6. OBTAIN THE CONTACT INFORMATION FOR ANY WITNESSES TO THE ACCIDENT
People aren’t always honest about what happened in an accident. Your ability to obtain compensation after a crash could come down to your word against the word of the other driver. Having witnesses to support your position and back up your version of events will help you to build a strong case so you can be confident of obtaining the compensation you need after a crash.
7. GET A COPY OF THE ACCIDENT REPORT FROM LAW ENFORCEMENT
You may not be able to obtain this report. Still, you should ask police how to get a copy. Be sure to get the name and the badge number of the officer(s) who responded to the scene and who are preparing the car accident report. This will help you to get the report, and it can also be useful in case you need the officer to be a witness for you.
8. RECORD INFORMATION ABOUT THE SCENE
Ideally, if you have a camera with you, you can take pictures of where the cars are, where the accident happened and any debris or skid marks on the roads. You should also take pictures of the damage to all of the vehicles involved and write down details of exactly what occurred. When you make a car accident claim, and the case goes to court, it is your burden to prove the other driver was at fault. The more evidence you have, the better. Taking pictures of any injuries that occurred is a good idea for the same reason.

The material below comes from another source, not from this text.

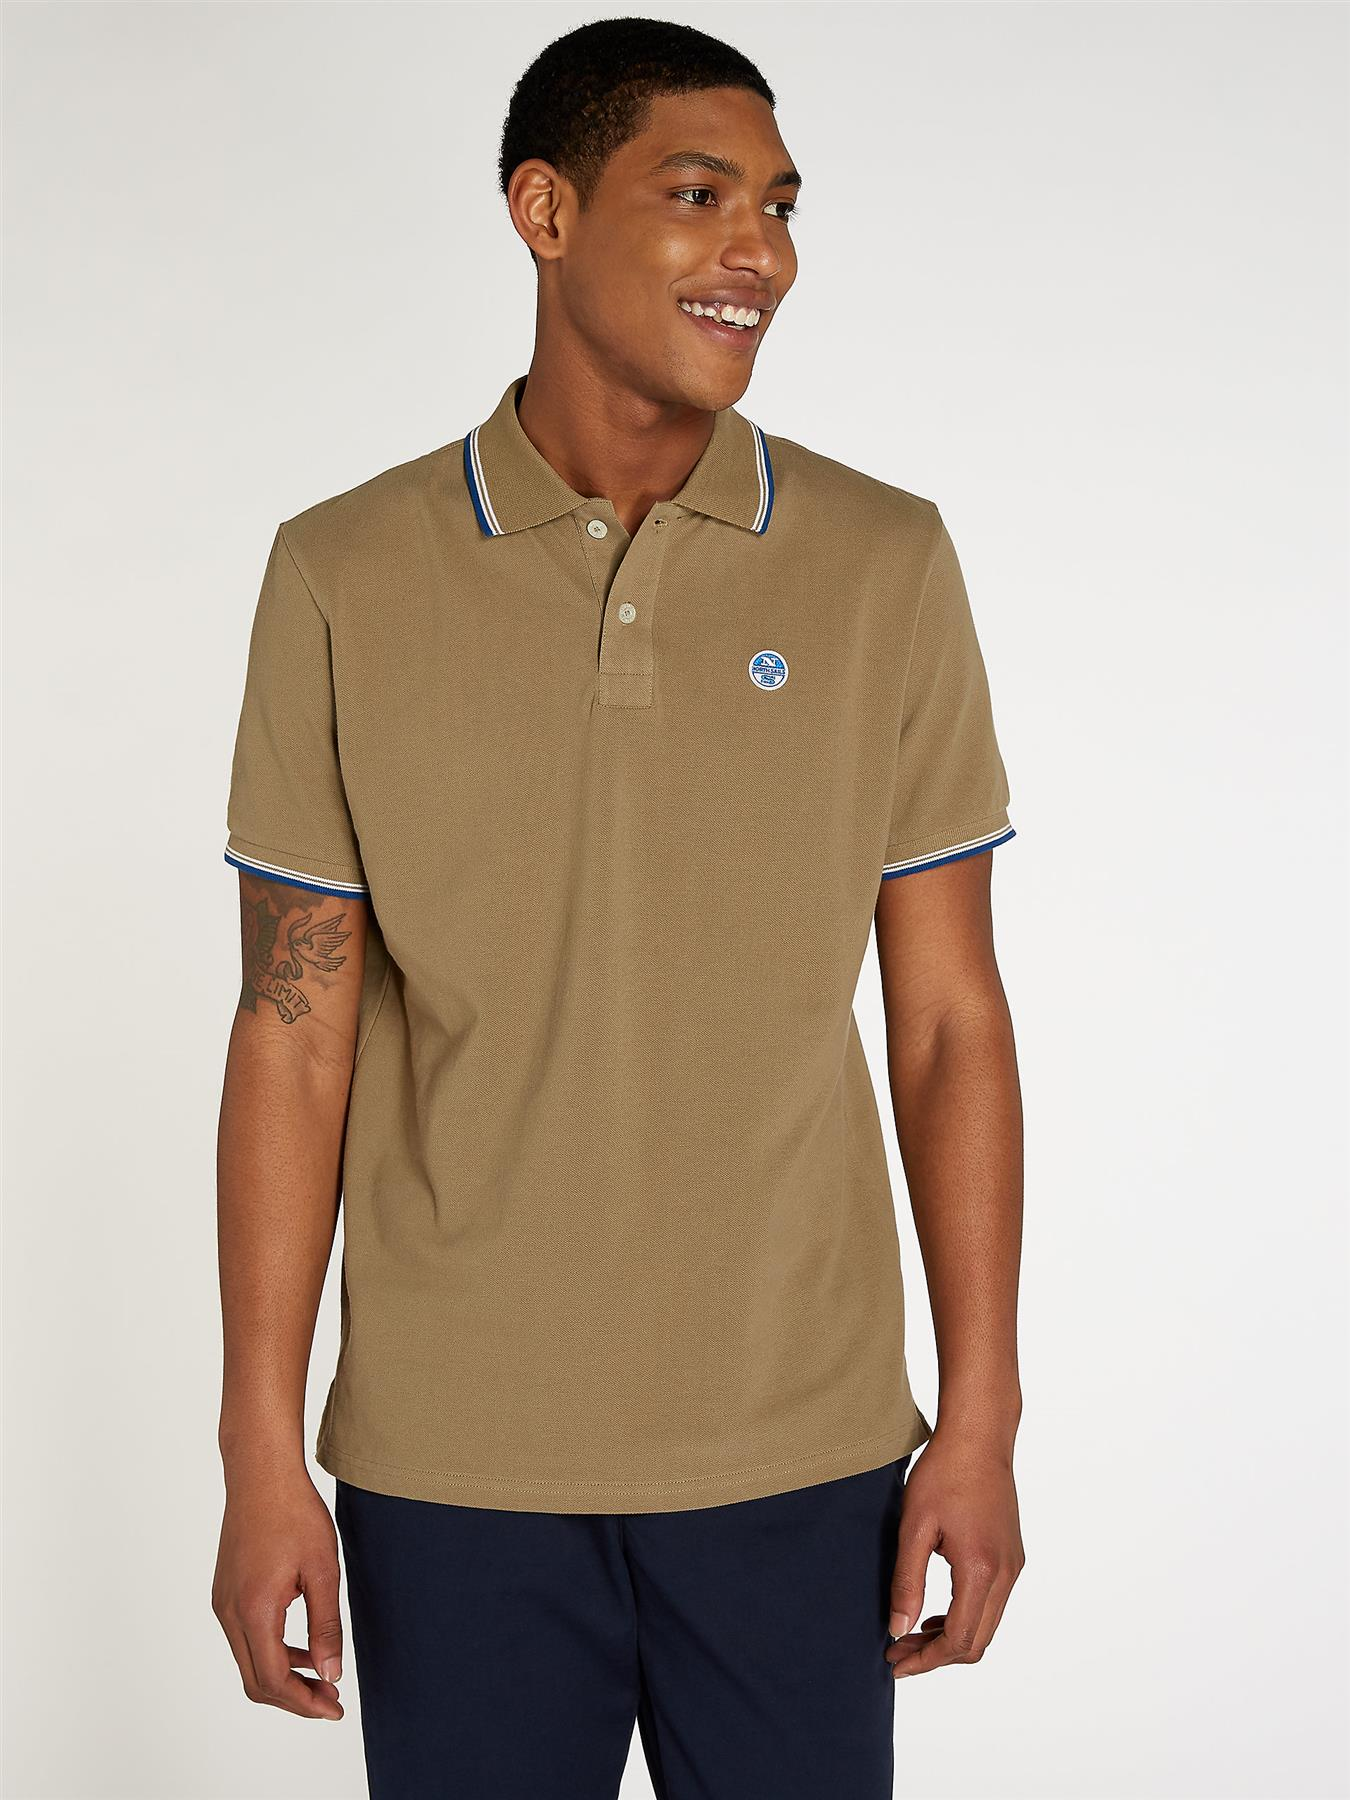 NEW-North-Sails-Legacy-Heritage-Mens-Cotton-Polo-Shirt-Top-Size-S-M-L-XL-XXL-3XL thumbnail 23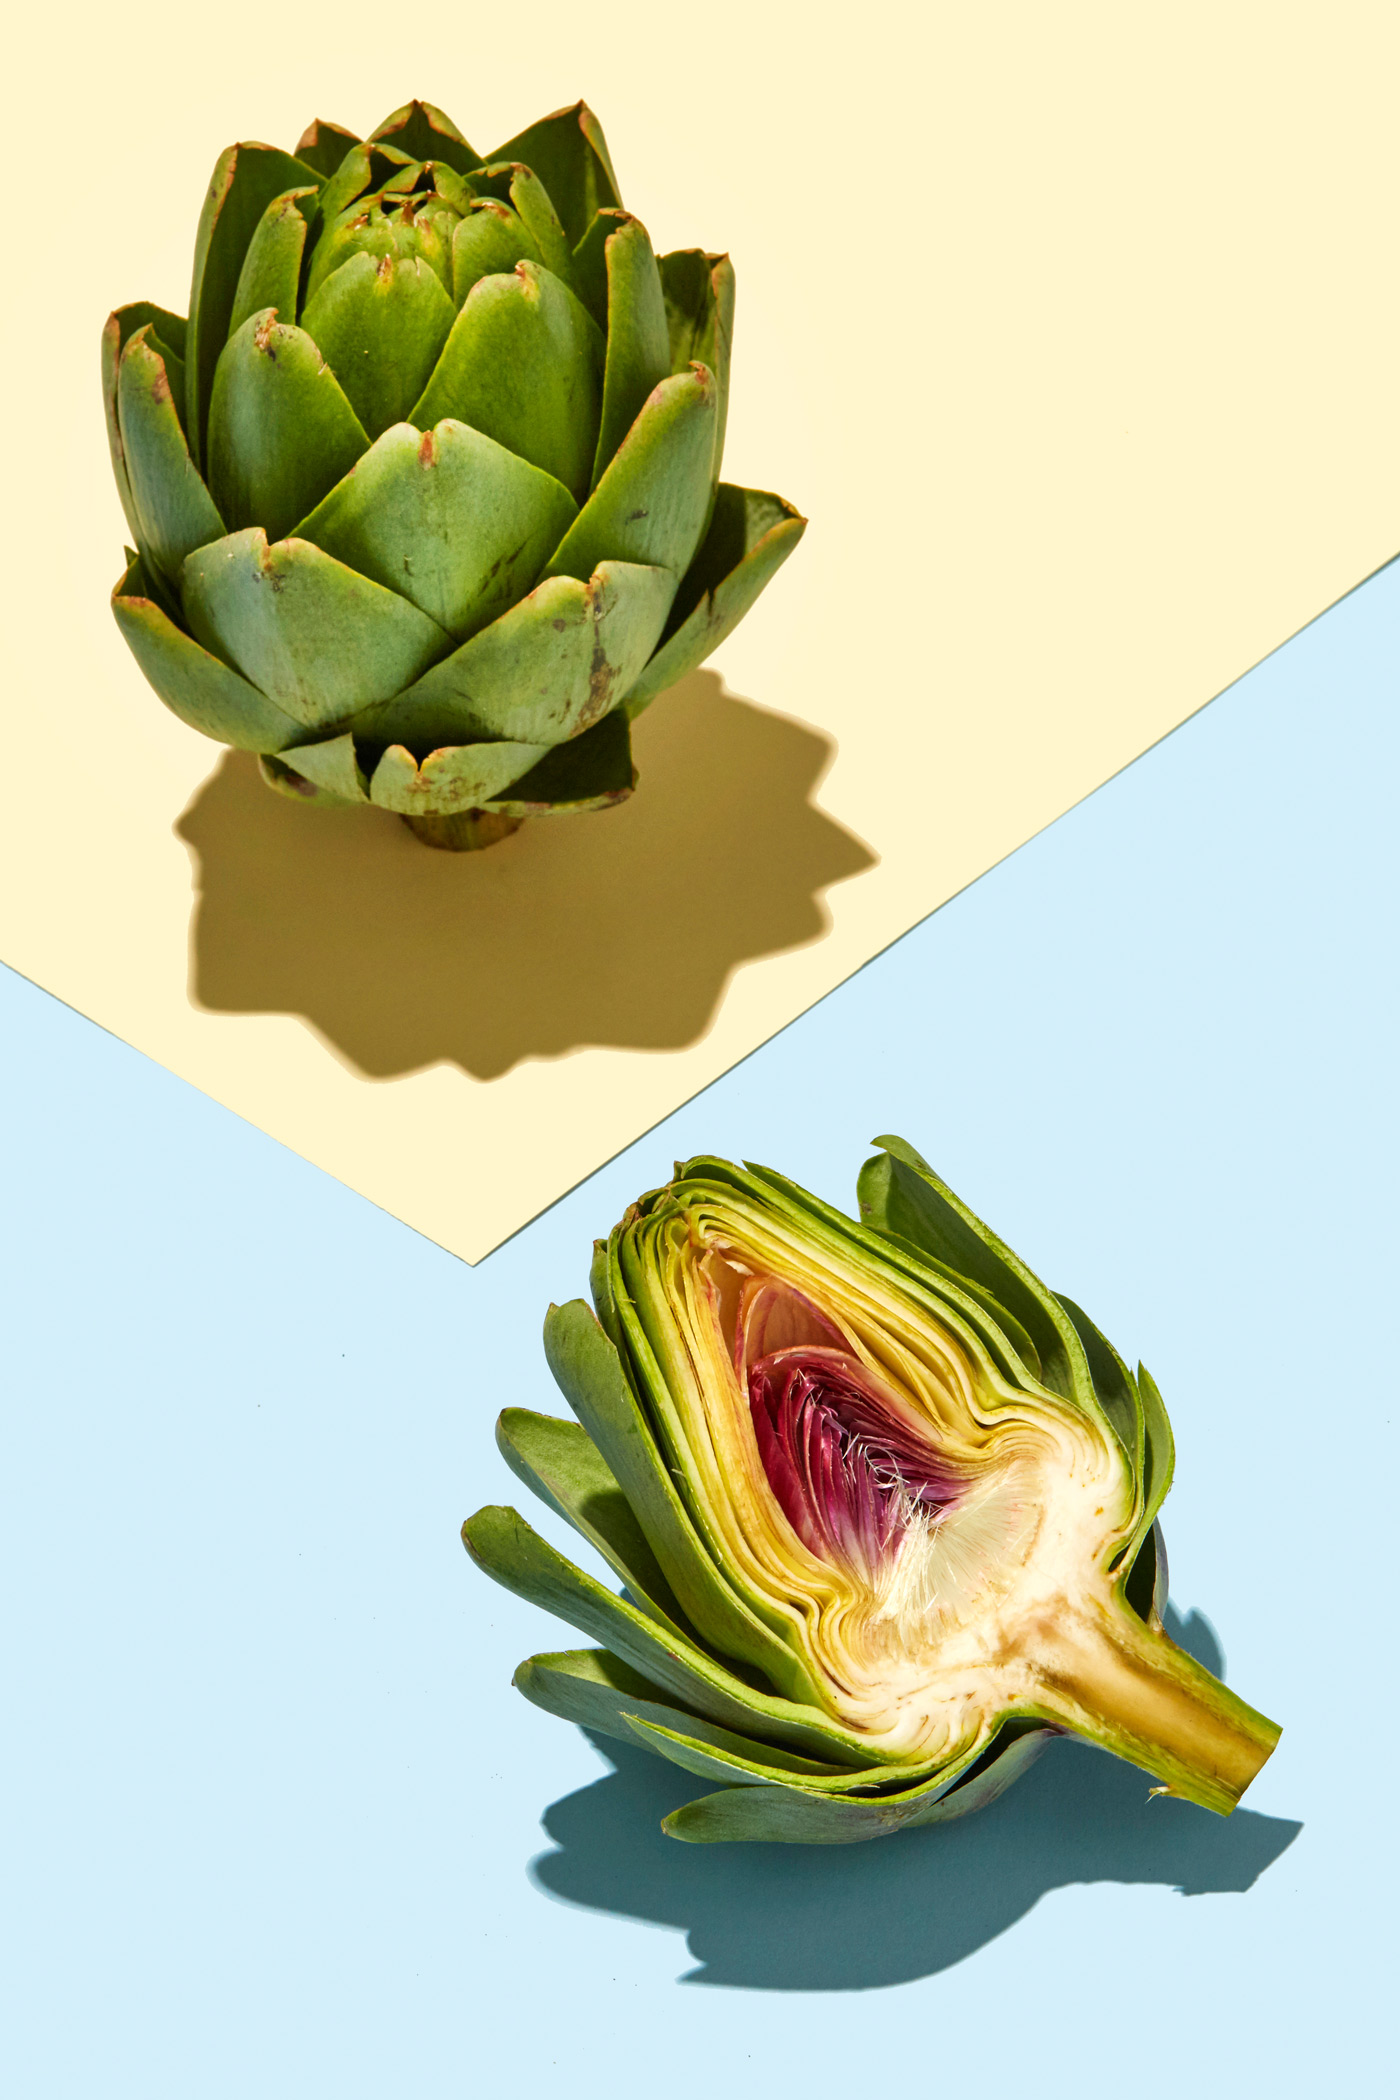 healthiest foods, health food, diet, nutrition, time.com stock, artichokes

9. GET CHECKED OUT BY A DOCTOR
While getting medical help is the first thing you should do if you are seriously injured, you should always go to a doctor even if you don’t really think anything is wrong. There may be injuries that don’t manifest symptoms right away or something that seems minor and inconsequential could quickly become much worse.
If you see a doctor right away, you could potentially avert a catastrophe. The doctor can catch injuries like internal bleeding or brain injury that may not have obvious symptoms. Your doctor can also document your injuries so that it is clear they were caused by the crash. If you wish to recover compensation for the injuries from the driver who caused the wreck, this documentation will be crucial.
10. CALL A LAWYER
This is one of the most important things you can do after an auto accident. Your lawyer will look out for your interests. Your lawyer will represent you in any dealings with your own insurance company and the insurance company of the other driver. The reality is that insurance companies care more about their profit than you. They want to settle a claim quickly and cheaply. Your attorney, on the other hand, will want to make sure you get the money you need to pay your bills and cover your losses.